----- TASK INPUTS -----
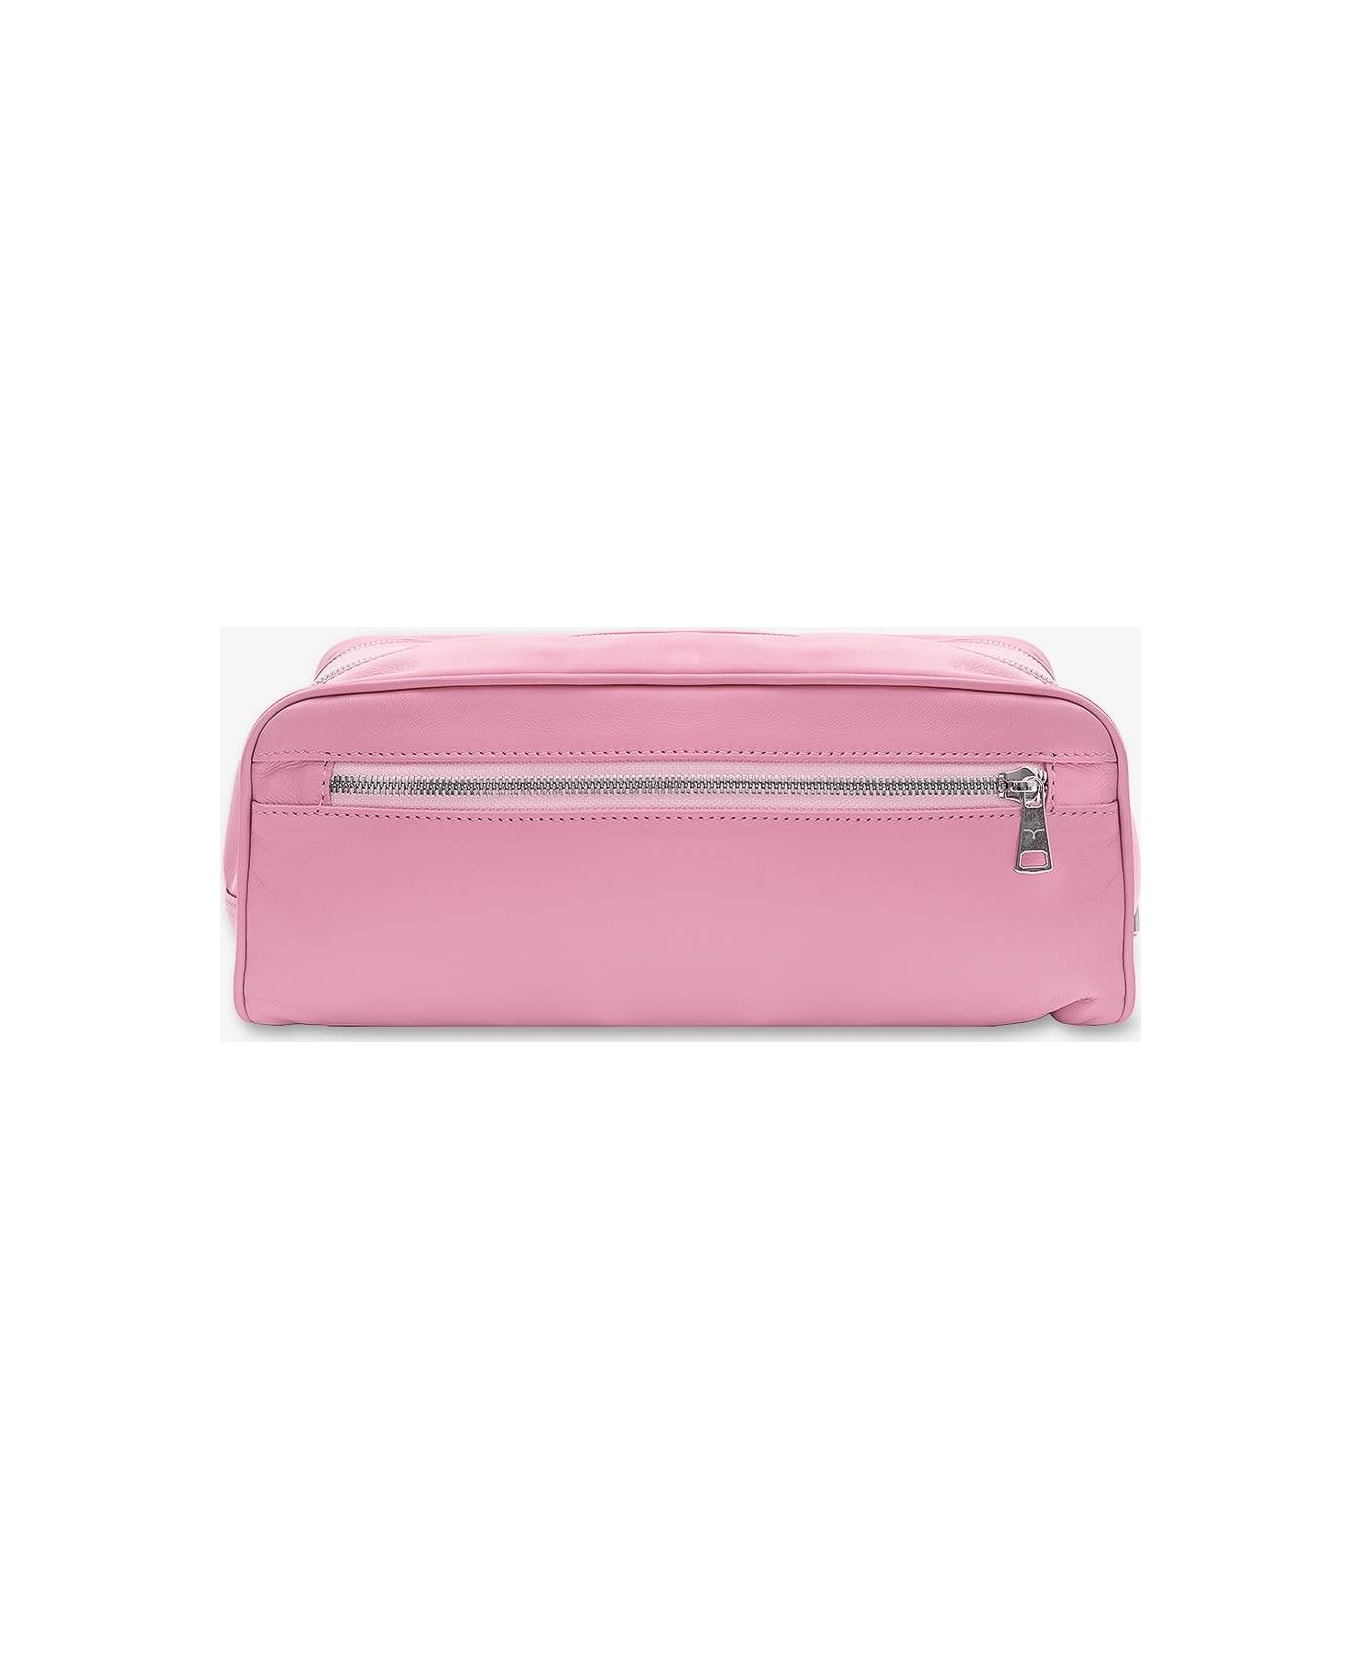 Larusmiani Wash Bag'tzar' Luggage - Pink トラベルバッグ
-----
----- TASK INPUTS -----
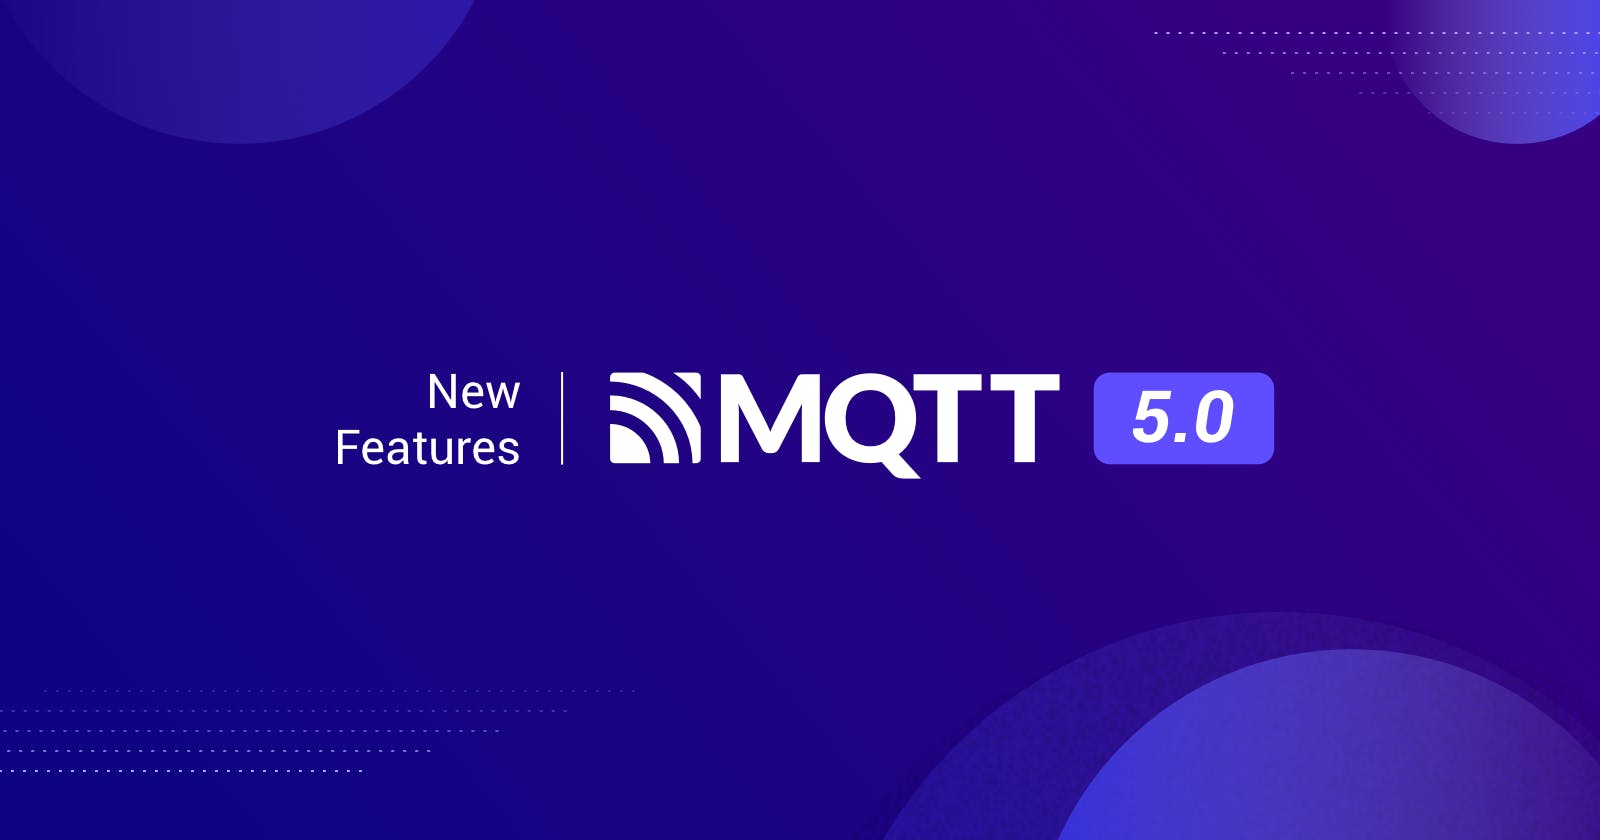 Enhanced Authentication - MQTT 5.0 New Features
-----
----- TASK INPUTS -----
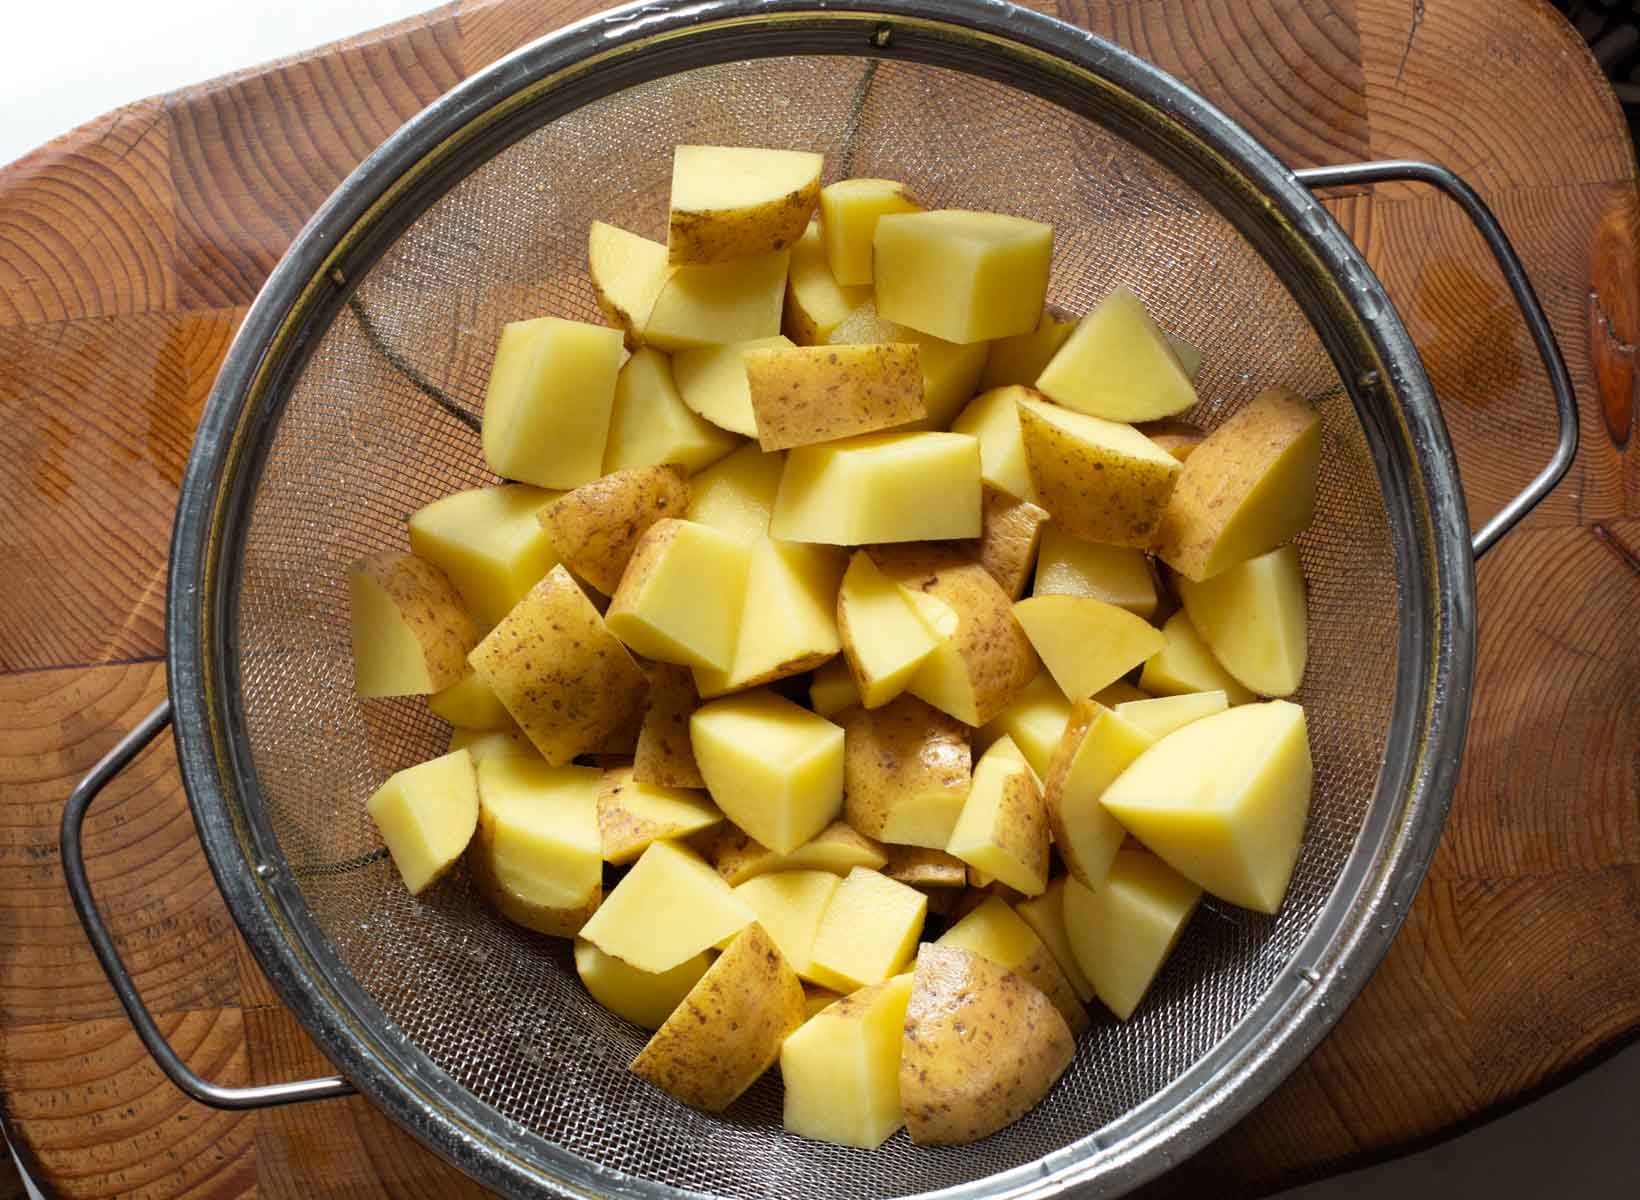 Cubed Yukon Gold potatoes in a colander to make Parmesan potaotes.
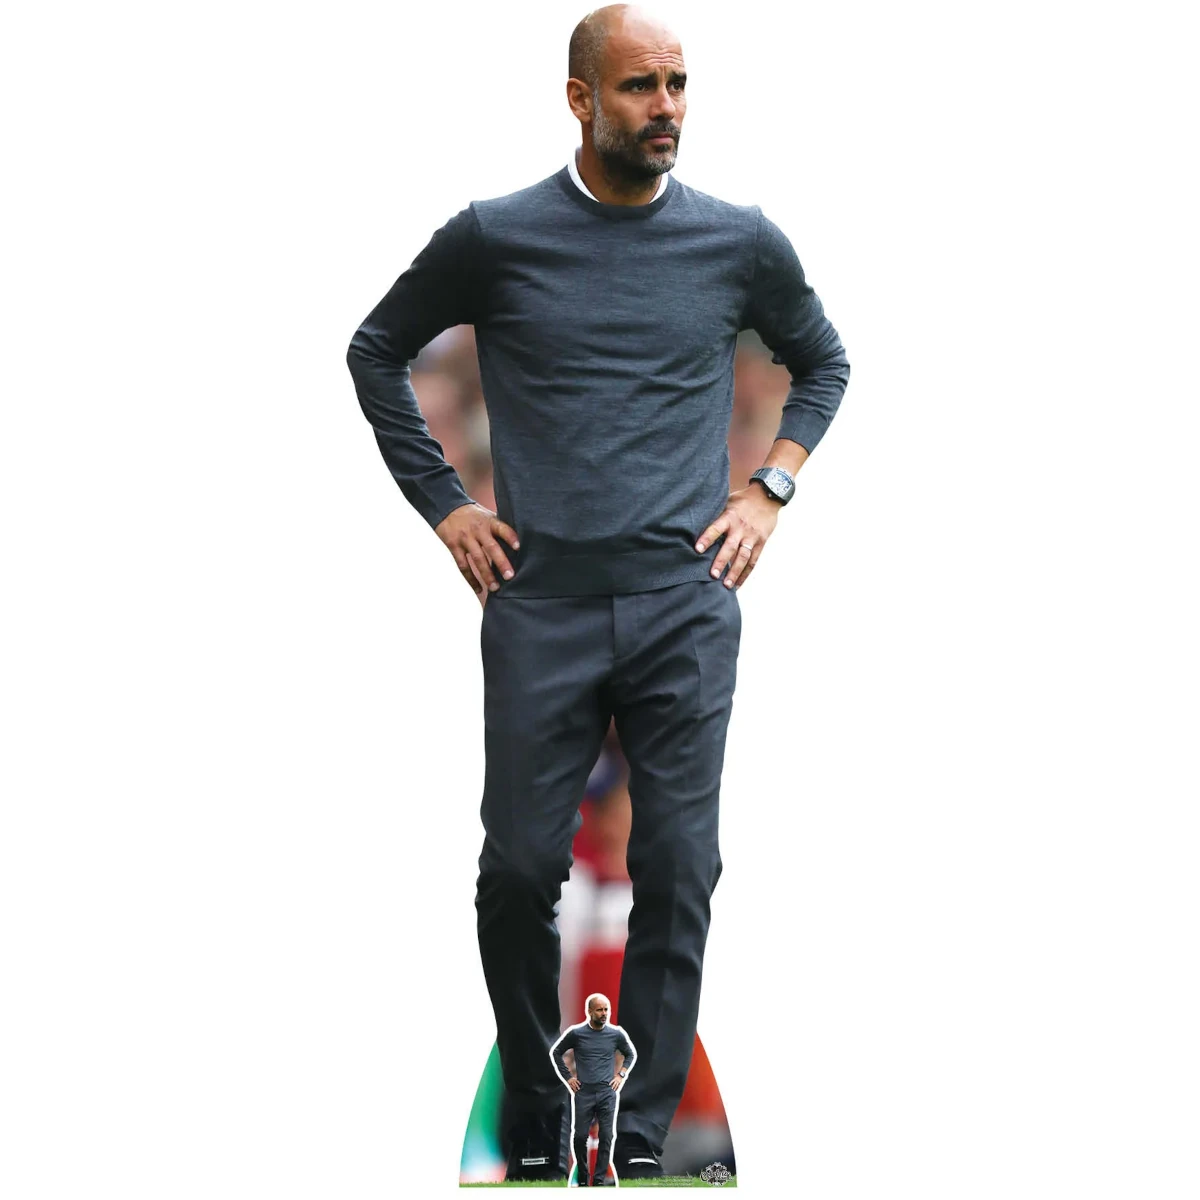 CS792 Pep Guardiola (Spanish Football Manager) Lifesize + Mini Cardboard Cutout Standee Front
-----
Print, exactly and with no pictures, the lines of the listing above starting at the one that has "Cubed Yukon Gold" and ending at the one that has "CS792 Pep Guardiola", both included.

■ **RESPONSE TO THIS TASK**
 Cubed Yukon Gold potatoes in a colander to make Parmesan potaotes.
 CS792 Pep Guardiola (Spanish Football Manager) Lifesize + Mini Cardboard Cutout Standee Front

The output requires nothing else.